• **TASK BRIEF**
Leaving out the pictures, return word for word the stretch of entries below from the line holding "Latest Design Mens" through the line holding "Cute Girls Dresess".

• **MATERIAL PROVIDED**
++++++++++++++++++++
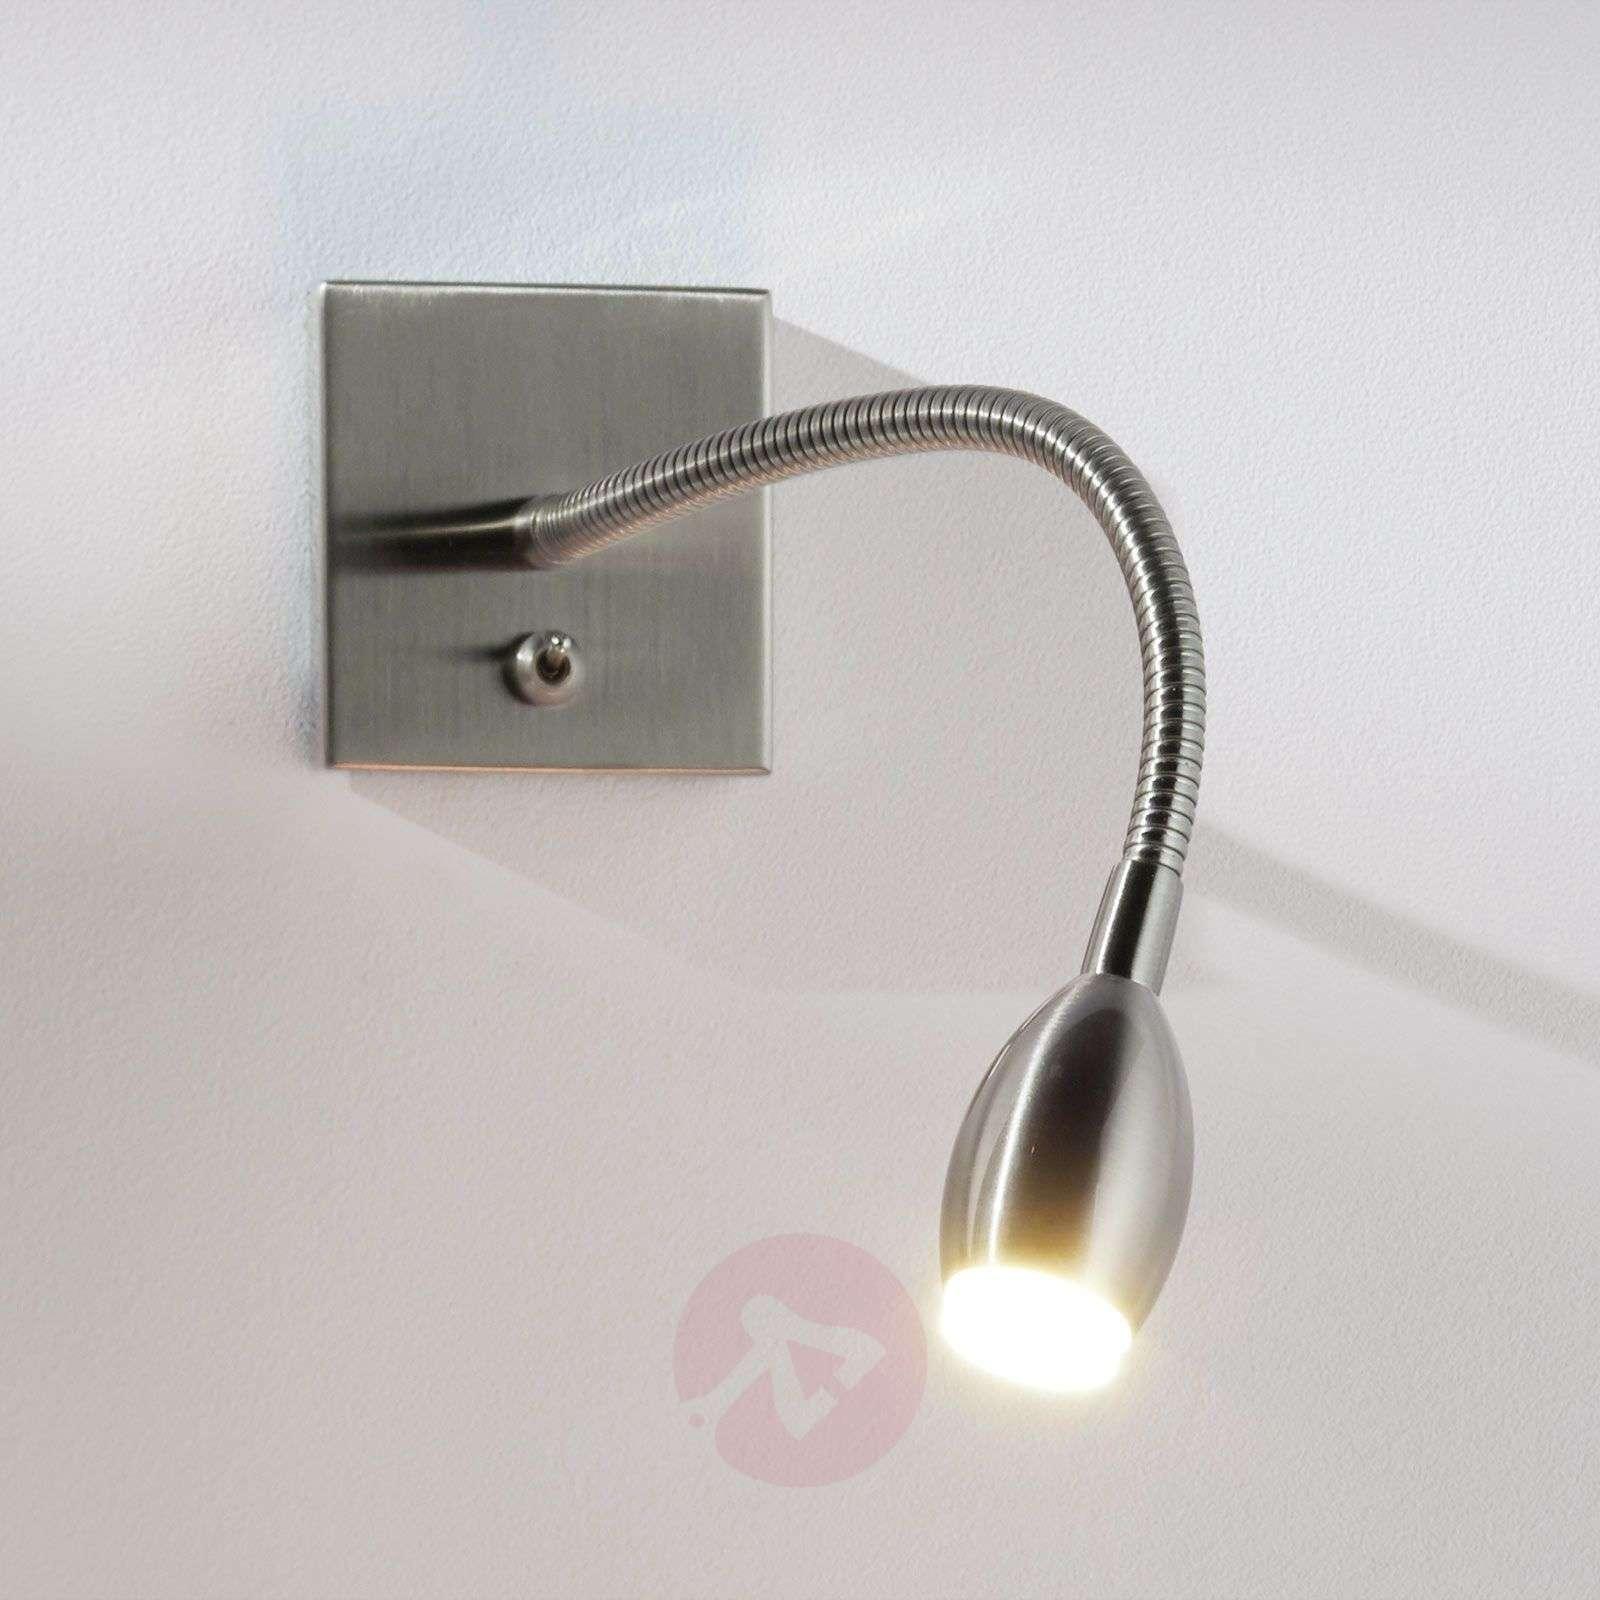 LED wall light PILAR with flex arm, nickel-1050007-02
++++++++++++++++++++
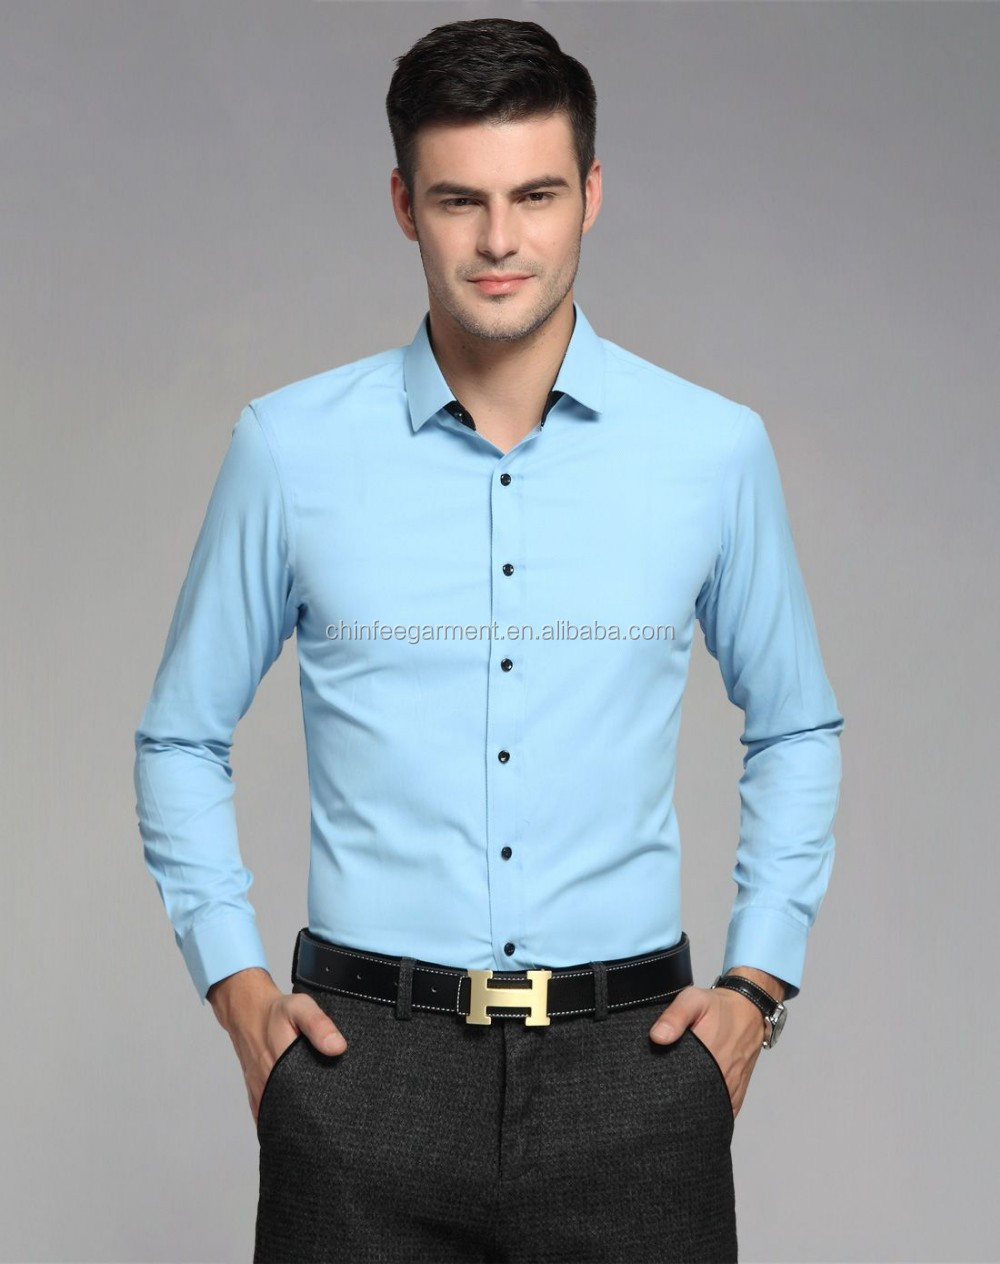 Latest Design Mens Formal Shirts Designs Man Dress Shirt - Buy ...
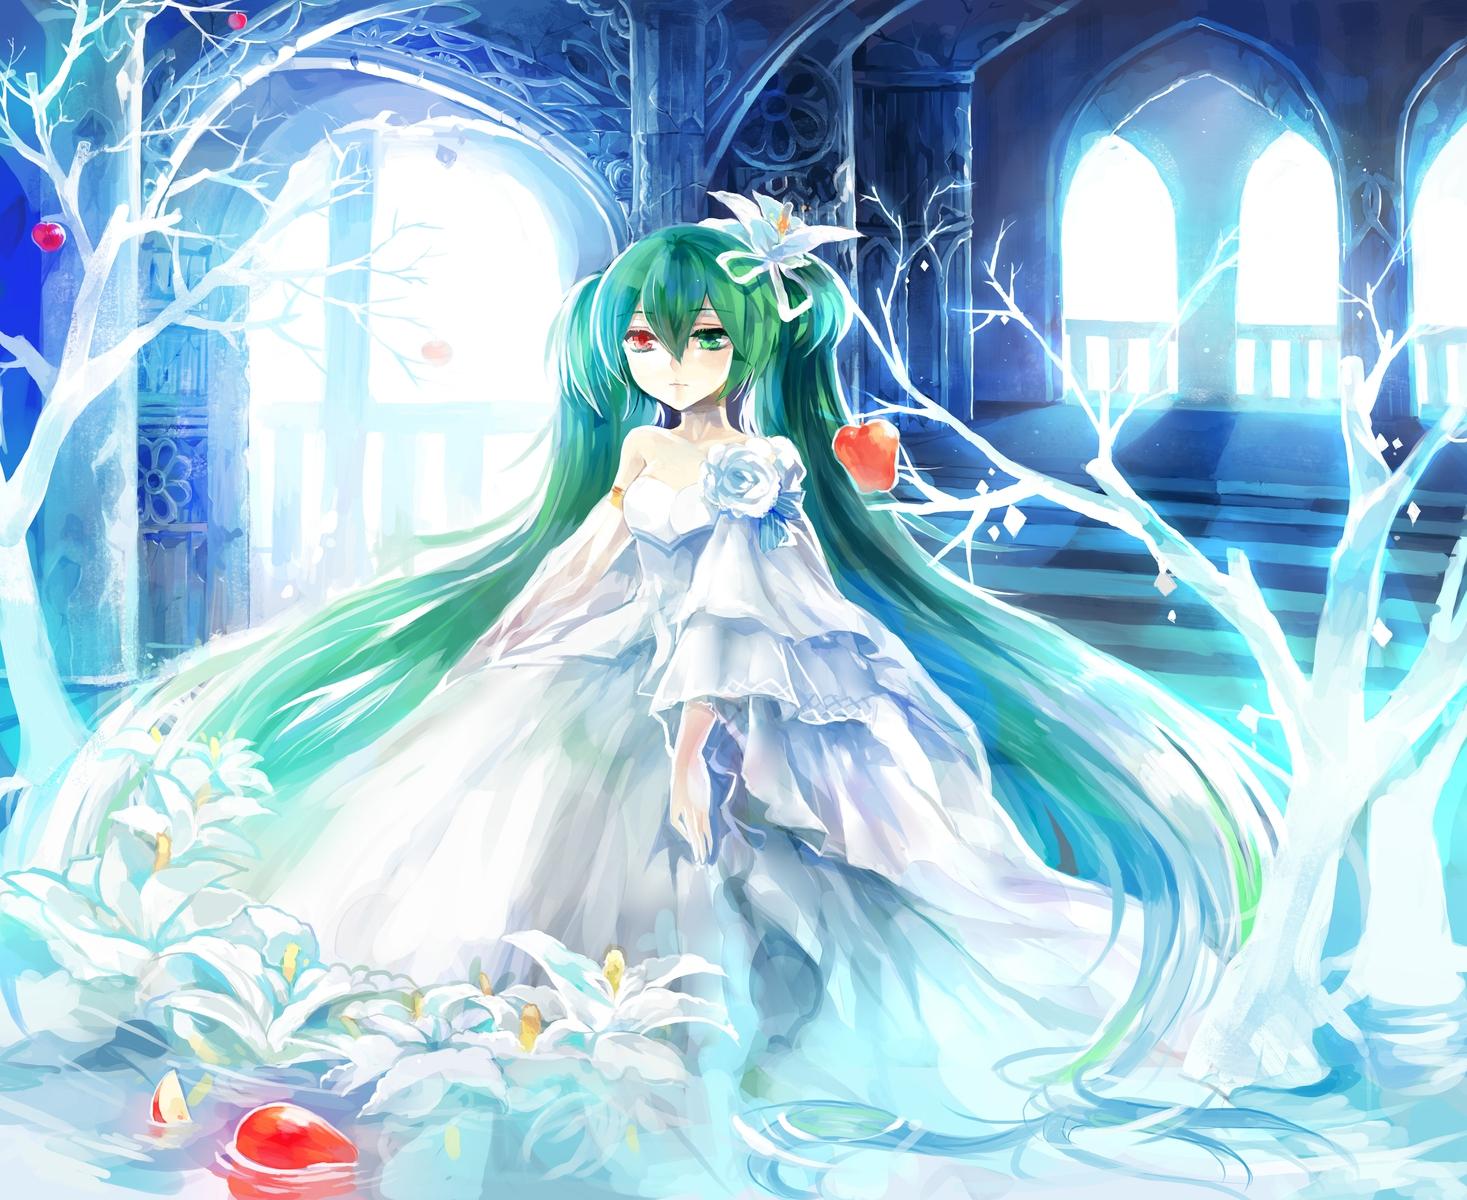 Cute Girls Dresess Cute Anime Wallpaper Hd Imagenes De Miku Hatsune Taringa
++++++++++++++++++++
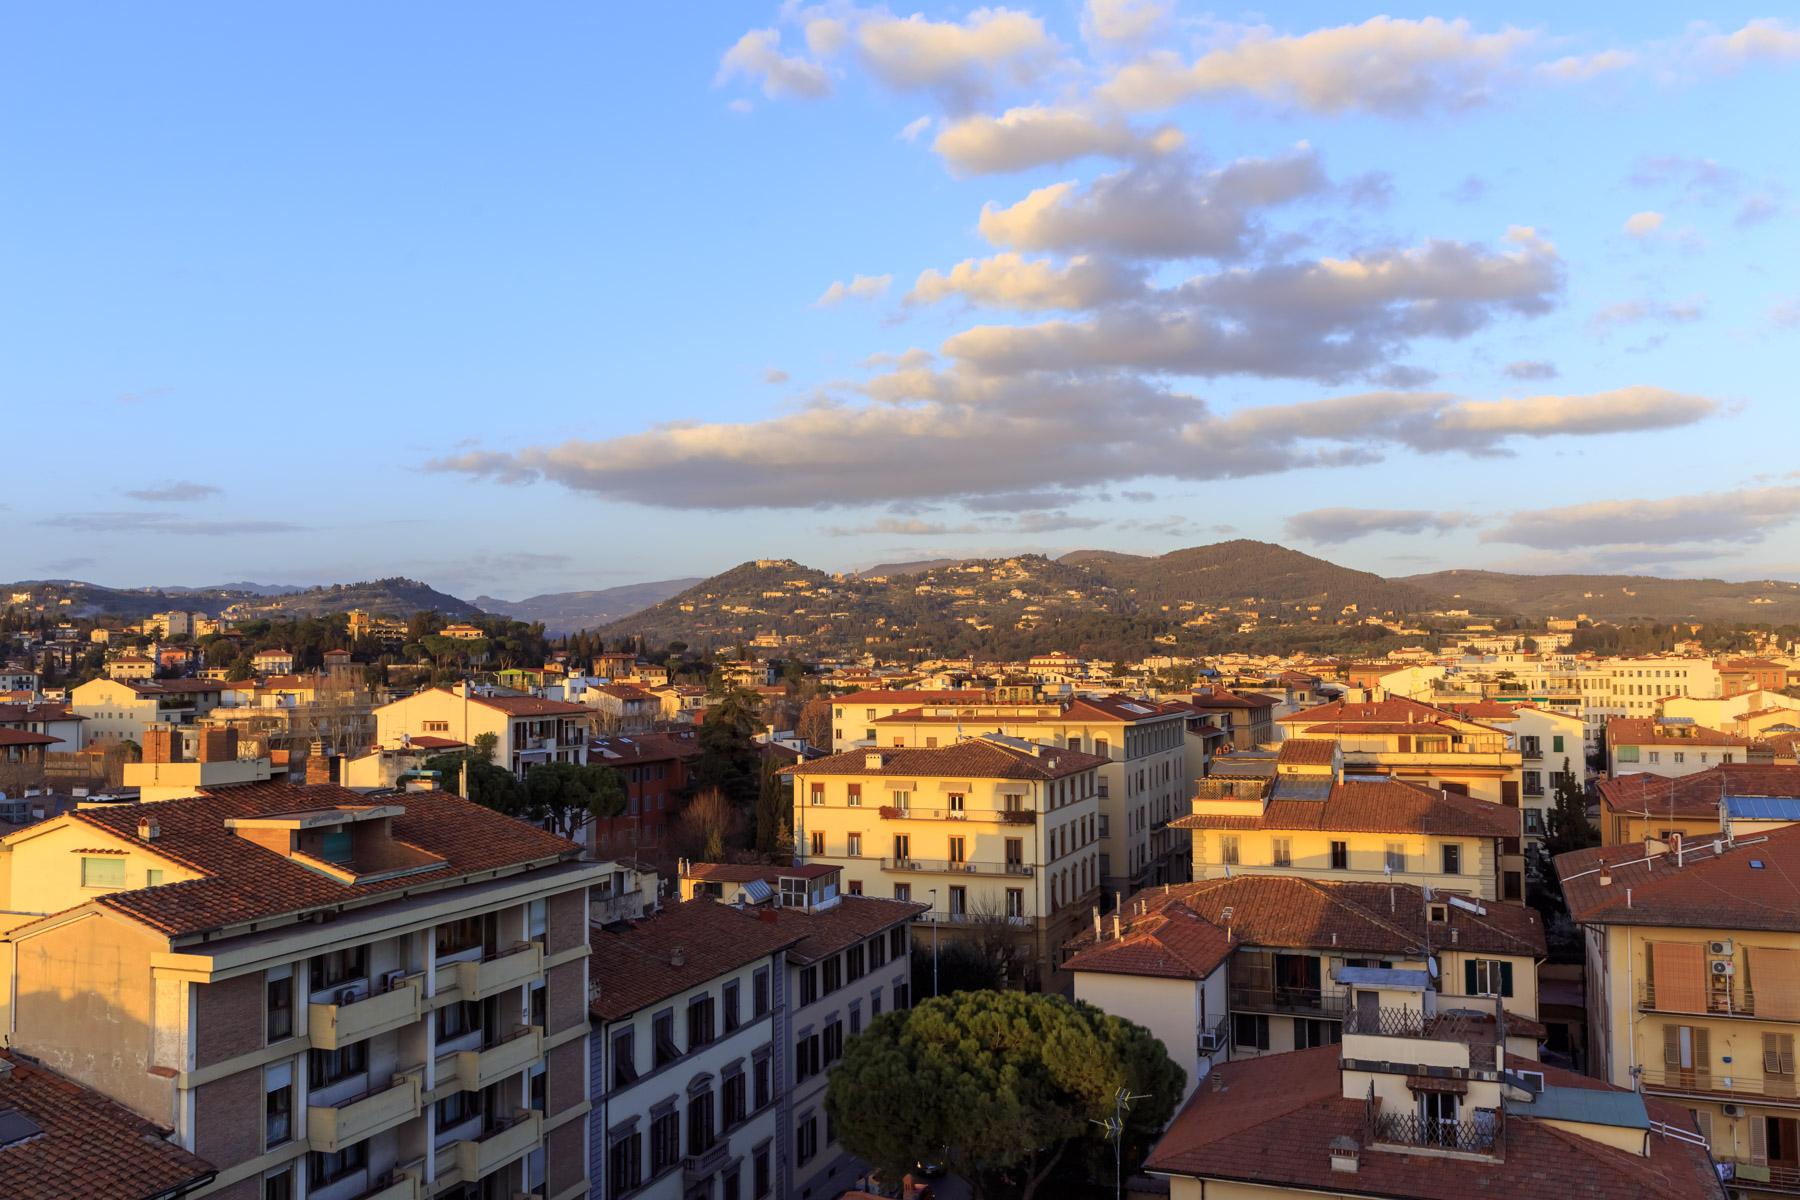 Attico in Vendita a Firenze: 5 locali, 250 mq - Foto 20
++++++++++++++++++++
• **EXERCISE ANSWER**
 Latest Design Mens Formal Shirts Designs Man Dress Shirt - Buy ...
 Cute Girls Dresess Cute Anime Wallpaper Hd Imagenes De Miku Hatsune Taringa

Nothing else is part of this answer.